18.11.24
NISA: Apresentação do livro “Os Versos da Tá Mari Pinto”
Realizou-se no passado sábado, na sala da União de Freguesias do Espírito Santo, Nossa Senhora da Graça e São Simão (Nisa), a apresentação do livro "Os Versos da Tá Mari Pinto", poetisa popular nisense falecida em 2003.
Maria da Graça Pinto nasceu em Nisa em 1921, num dos dias que antecederam o Natal. Não frequentou a escola no tempo destinado à formação essencial. A ajuda aos pais, as tarefas no campo, só permitiram que fizesse a terceira classe. Ainda assim, ganhou um amor à escrita que nunca deixou de a acompanhar durante toda a vida.

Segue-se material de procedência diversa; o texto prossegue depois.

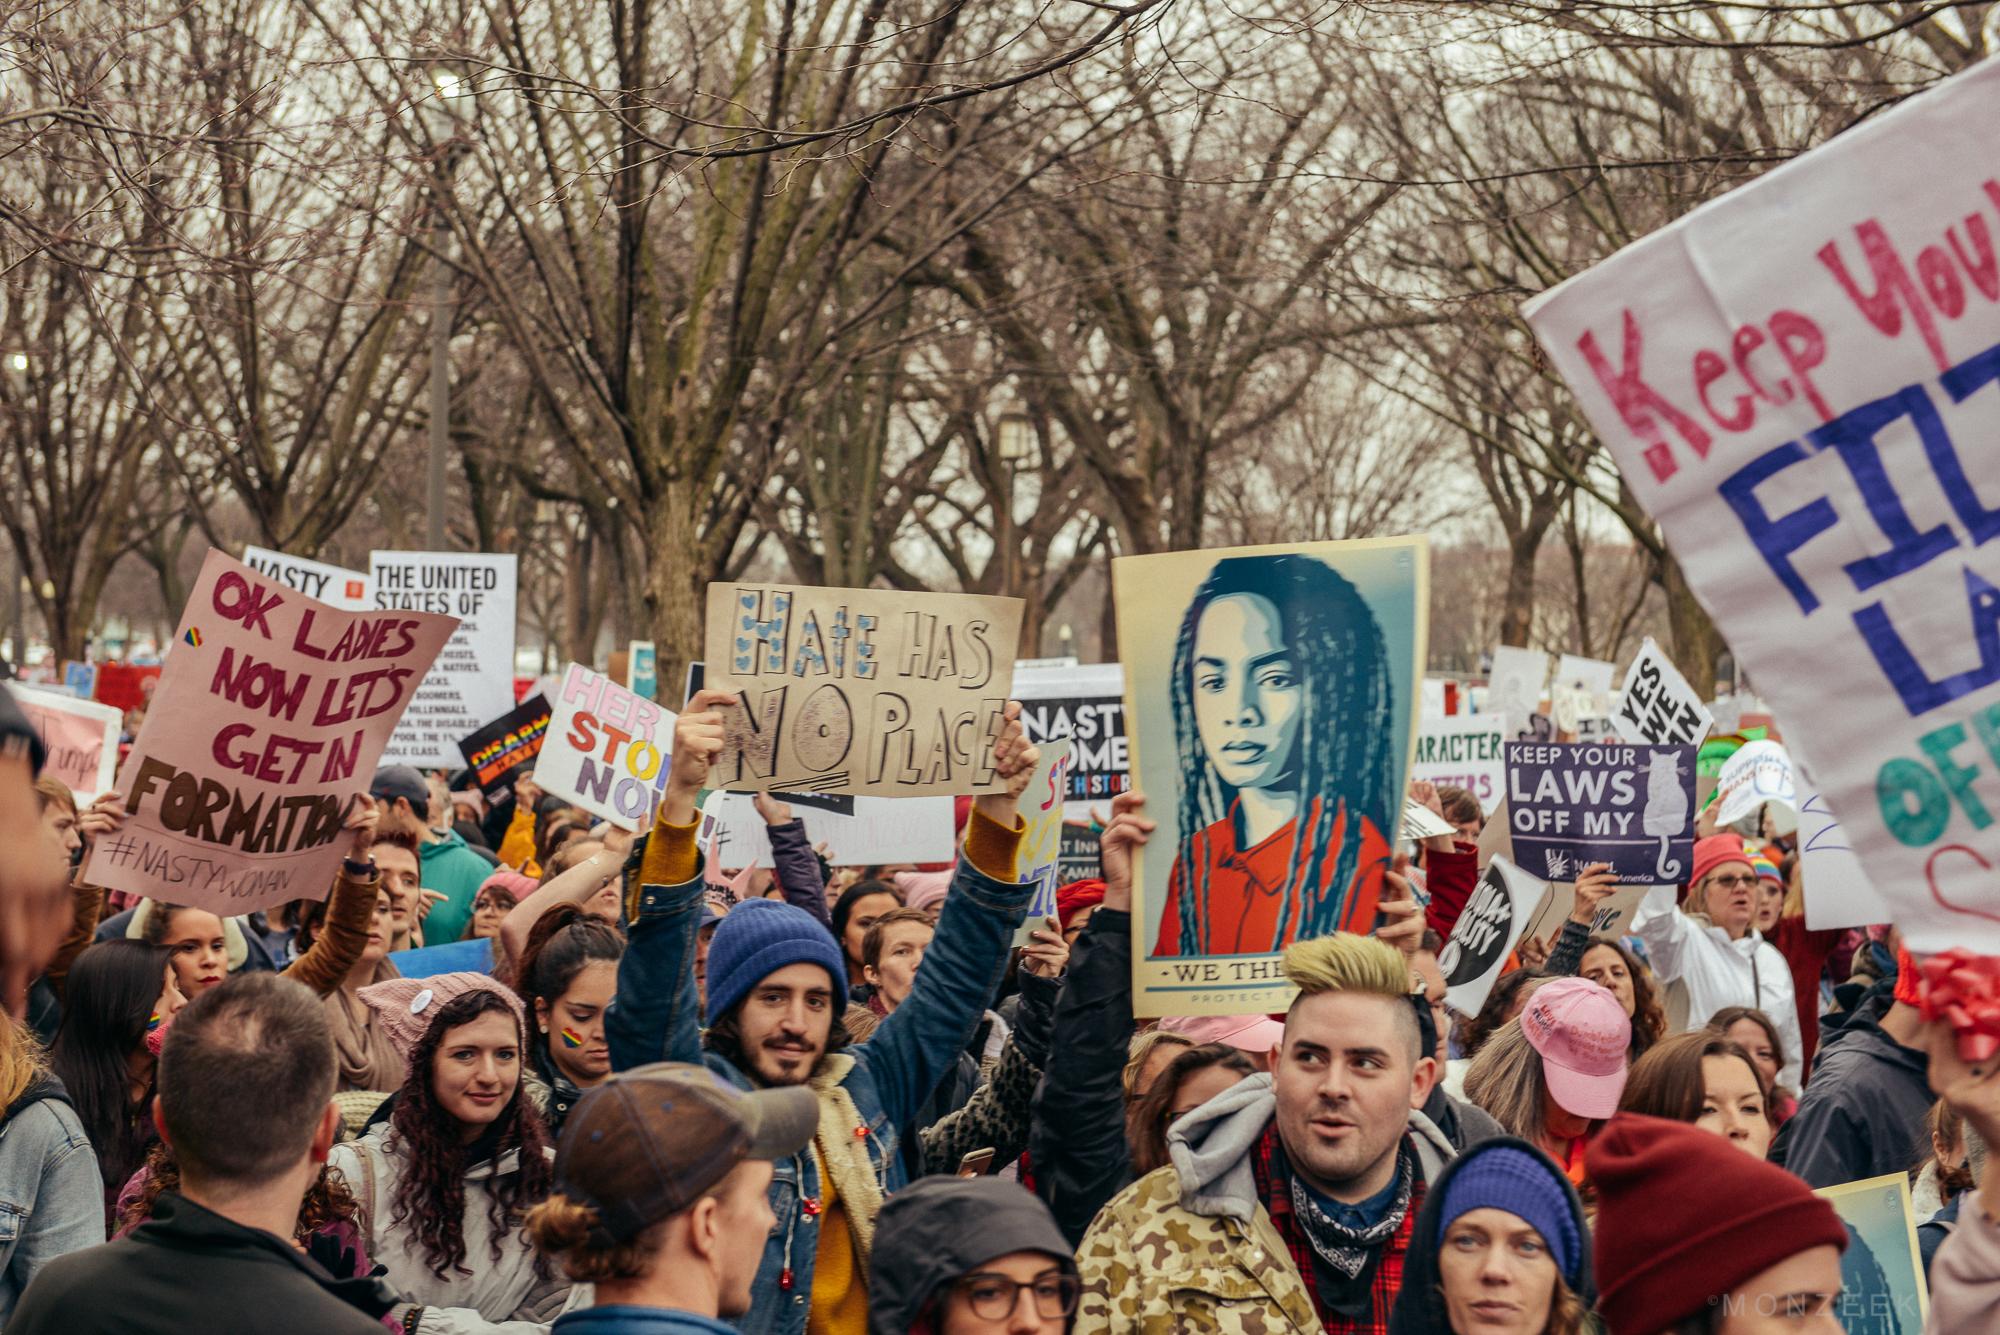 20170121-womens-march-dc-2704.jpg
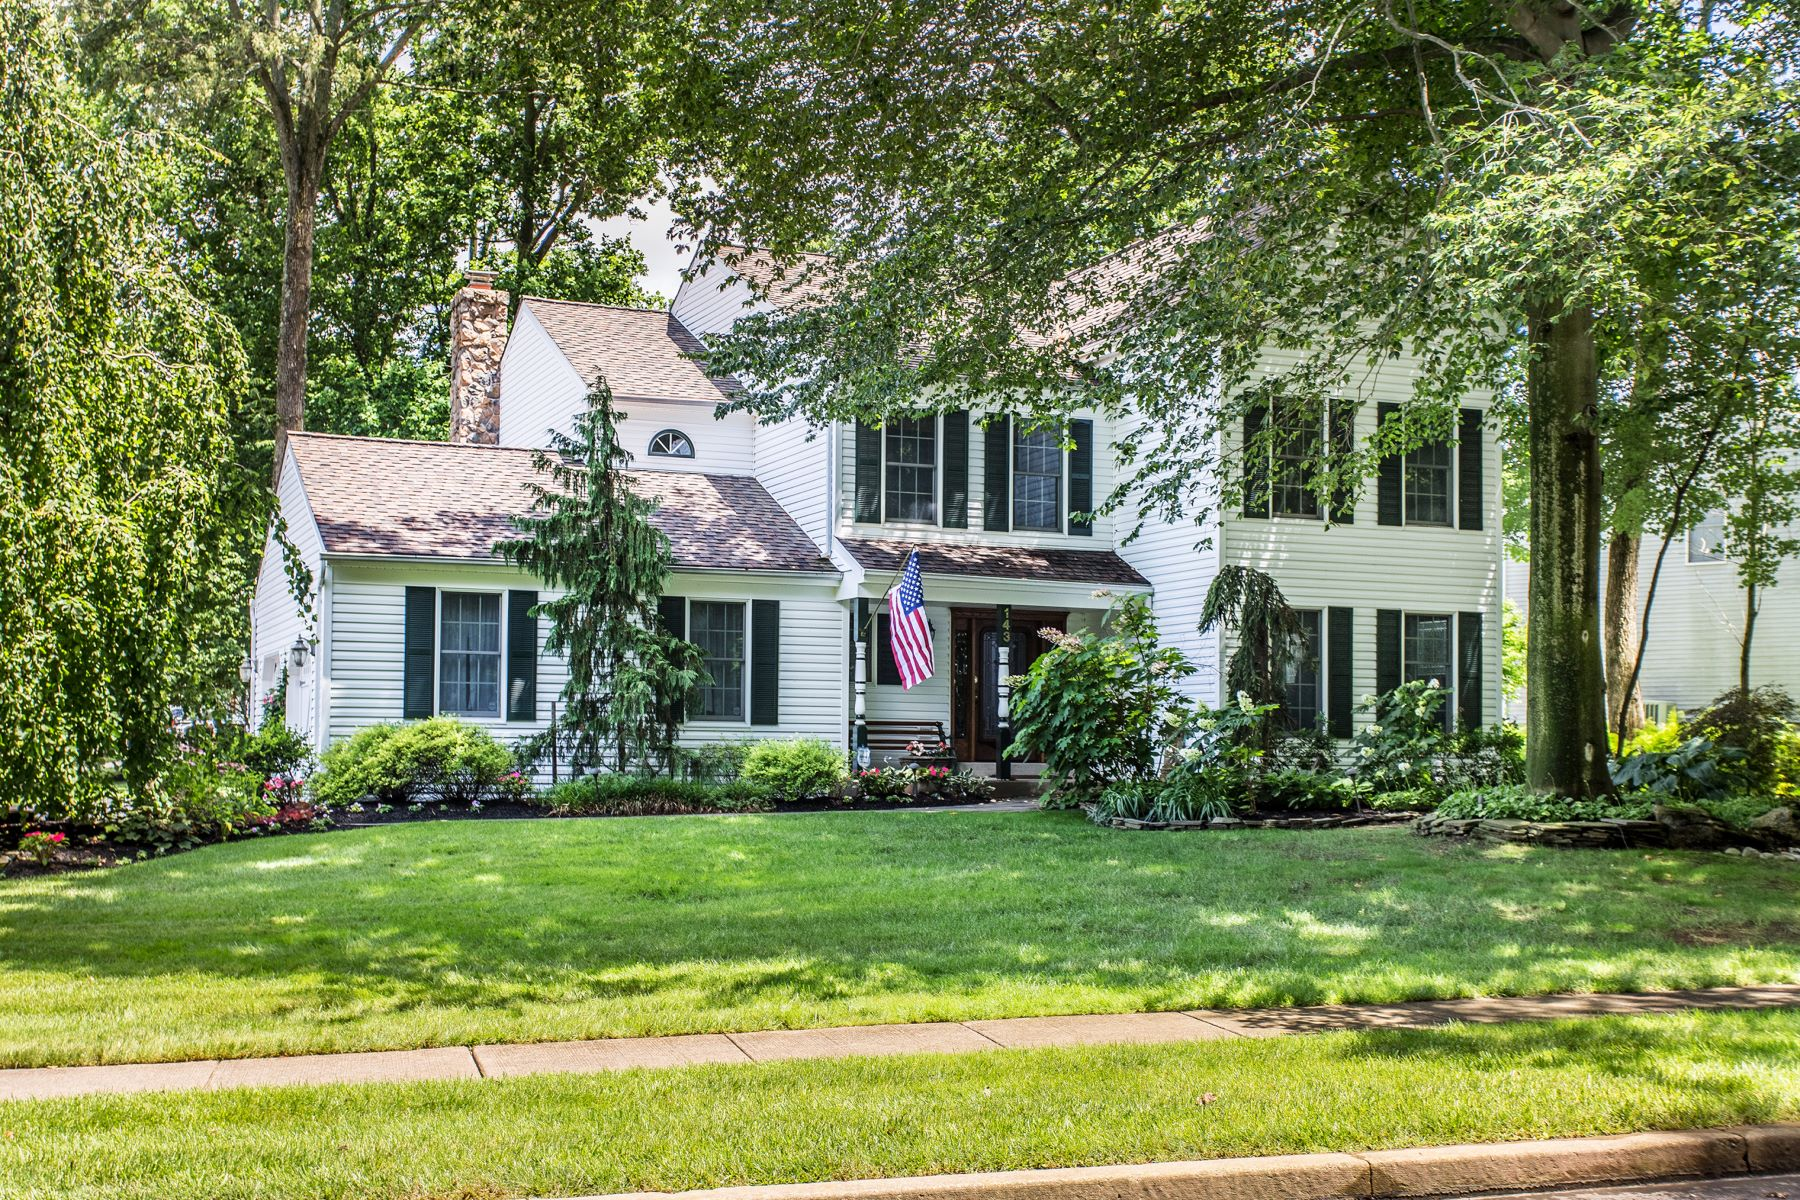 واحد منزل الأسرة للـ Sale في 143 Claremont Dr Lansdale, Pennsylvania, 19446 United States

Mulher do campo, esposa de pastor, viveu e sonhou tendo o mundo rural como pano de fundo. Escrevia versos, nos fugazes momentos que a vida de pastorícia lhe permitia, Mulher de grande simplicidade, os seus versos tornaram-na numa figura popular de Nisa.
Observava, com sentido crítico, tudo o que se passava à sua volta e num qualquer papel, pedaço de embalagem ou de cartão, em letras mal alinhavadas e rimas arrancadas ao fundo da memória, escreveu centenas e centenas de quadras populares, versos espontâneos por onde escorre a água límpida dos riachos, a natureza agreste dos campos ou dos animais, a pastorícia, as artes, antigas, de saber fazer o queijo, os alinhavados, as cantarinhas de barro.
Foi uma das últimas “sentinelas” da vida campesina, dos campos à volta de Nisa que ela viu viçosos e cheios de vida, mas que os ventos da mudança, paulatinamente, obrigaram a uma desertificação acelerada.
Um processo doloroso que Maria Pinto descreve nos seus versos, por vezes parecendo de forma exacerbada e indignada, imaginando o tempo futuro, negro e sem perspectivas.
Muitas dessas quadras foram, no contexto da época, mal compreendidas. Não havia revolta nas palavras que escrevia, mas sim um sentimento de desassossego e solidão em que o universo rural se transformara.
Quem não a conheceu e toma contacto, agora, com os seus versos, está longe de imaginar que ao longo de décadas, a sua poesia popular, sentida e directa, irónica e mordaz, ou terna e efectuosa, fez o retrato social, de tipos, modas, acontecimentos importantes na vila de Nisa, encontros, partidas e chegadas. Entre estas, as do seu filho, para a vida militar ou para a França de todos os sonhos. Percursos, ao fim e ao cabo, de (quase) todos os nisenses.
Nunca foi incomodada pelos versos, por vezes audazes, contidos na sua poesia. Escrevia com o coração e a simplicidade das suas rimas ter-lhe-ão evitado alguns dissabores. É que, num passado ainda recente, as suas quadras populares, lidas e relidas num determinado contexto, configuravam, na sua aparente ingenuidade, um forte pendor social e interventivo.
Quadras que falavam do campo, triste e abandonado, da saga da emigração, da vida dura e mal paga dos camponeses, entre estes os pastores, eternos solitários da planície alentejana.
Maria da Graça Pinto não precisou de contar a história de vida, da sua vida.
Ela está, indissoluvelmente, expressa nos versos que produziu: Basta ler as quadras que durante anos foi publicando no "Correio de Nisa", ou aquelas que, amontoadas e amarelecidas pelo tempo, guardou numa qualquer gaveta ou caixote na sua casa e que, pacientemente, foram reproduzidas como “corpo e alma” deste livro, agora apresentado.
Um livro que é também uma homenagem, algo tardia, a uma mulher que na crueza dos seus versos, disse muitas verdades que, ainda hoje, continuam a incomodar.